→ WHAT NEEDS TO BE DONE: Start at the line below containing "Jonathan Elias - Requiem for The Americas" and stop at the line containing "0a71668ae Carnaval Santa". Repeat every line of that stretch exactly, and nothing outside it.

→ SUPPLIED RECORDS:
[Start of section]
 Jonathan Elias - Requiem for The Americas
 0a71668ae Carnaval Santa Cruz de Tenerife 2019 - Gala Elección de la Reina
[End of section]
[Start of section]
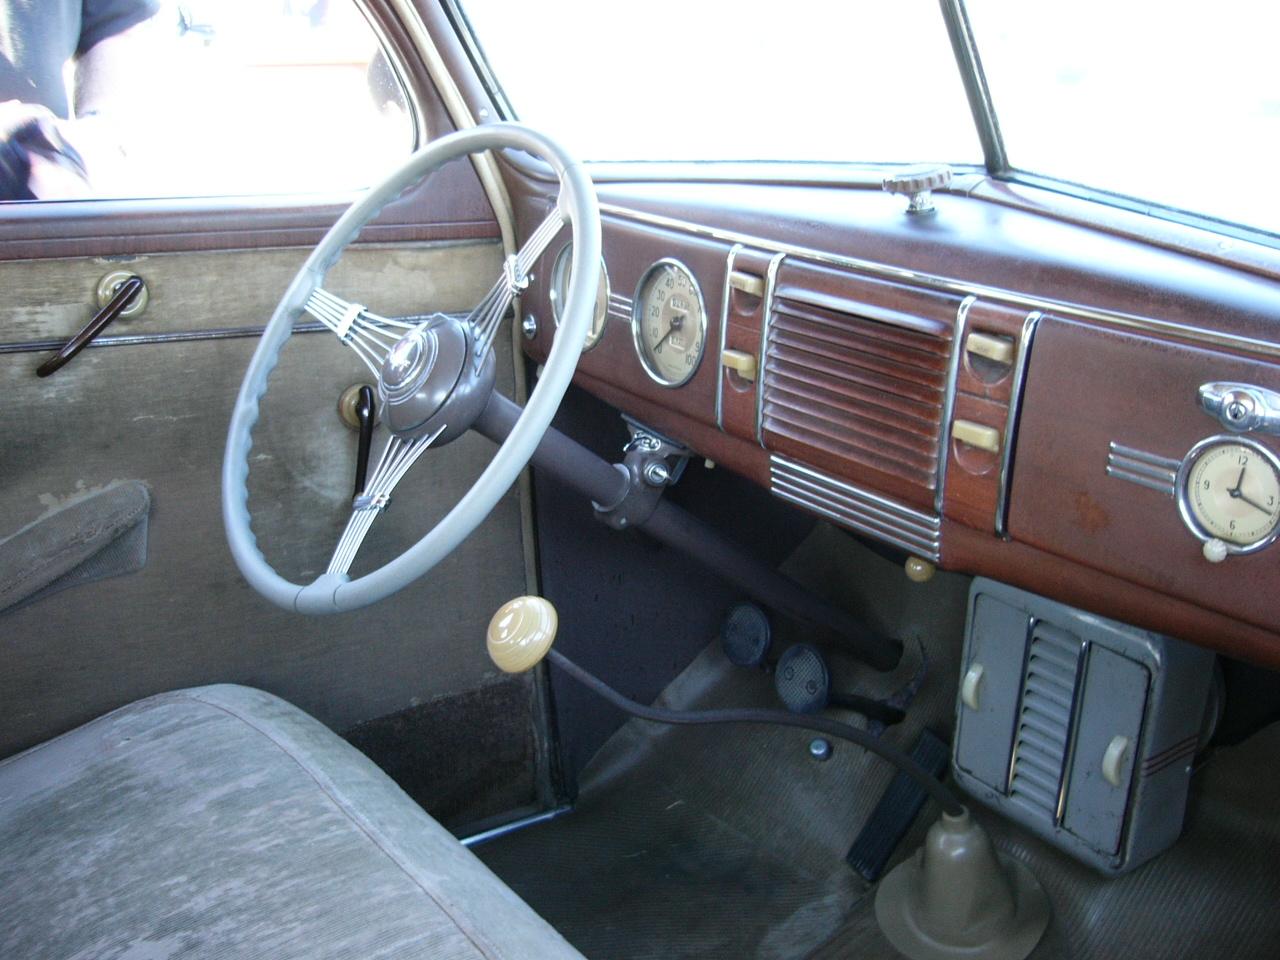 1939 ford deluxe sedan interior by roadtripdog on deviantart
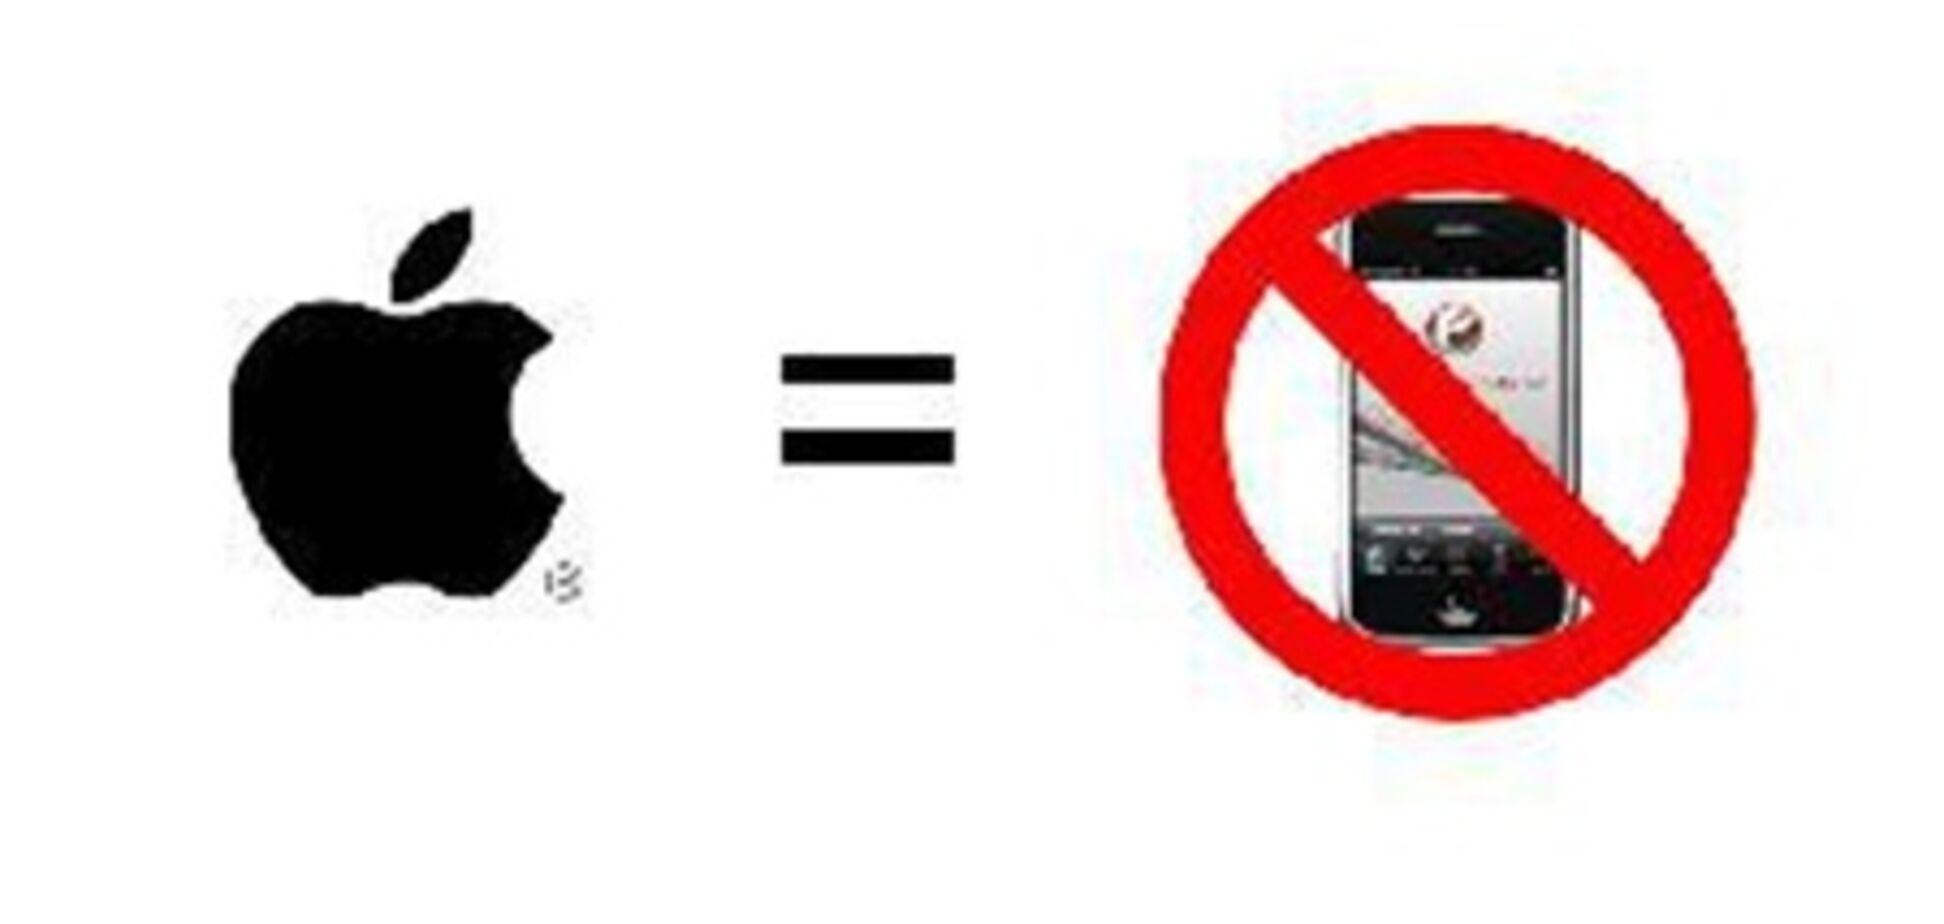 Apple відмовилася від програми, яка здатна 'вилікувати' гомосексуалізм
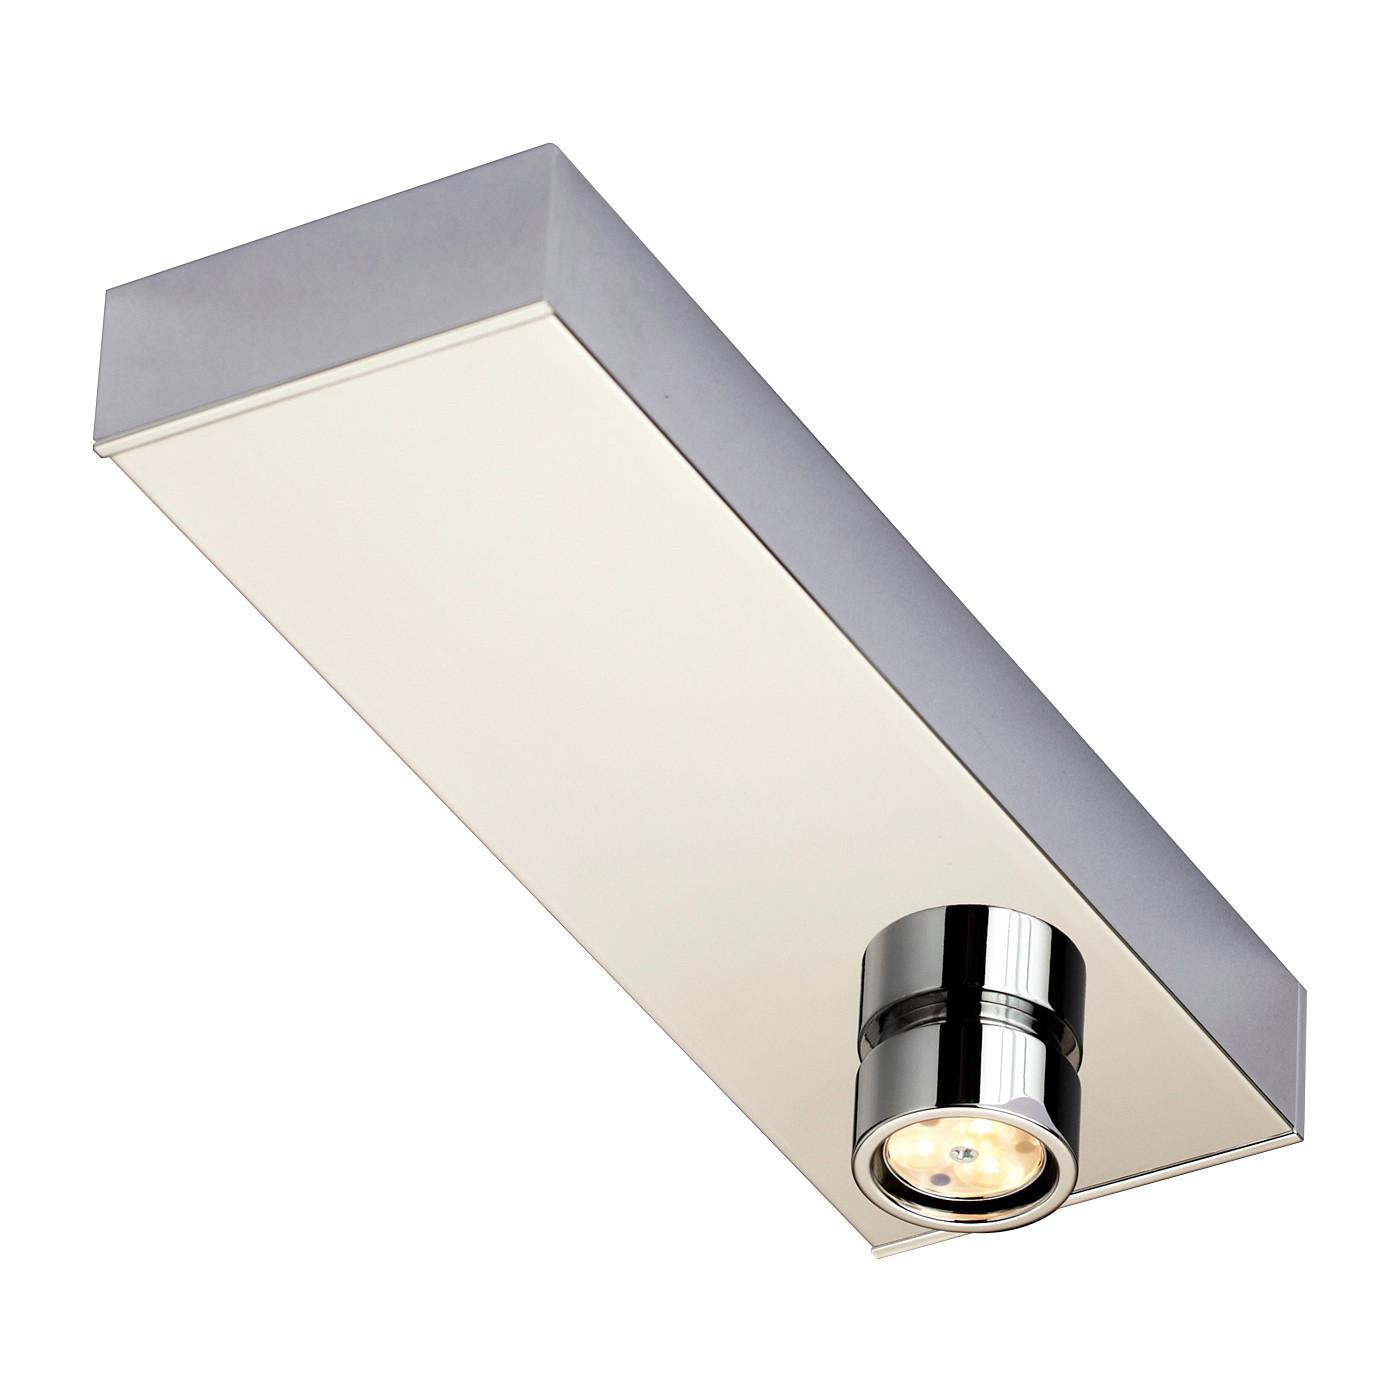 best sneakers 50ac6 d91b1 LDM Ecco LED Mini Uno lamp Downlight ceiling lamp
[End of section]
→ OUTPUT OF THE EXERCISE:
 Jonathan Elias - Requiem for The Americas
 0a71668ae Carnaval Santa Cruz de Tenerife 2019 - Gala Elección de la Reina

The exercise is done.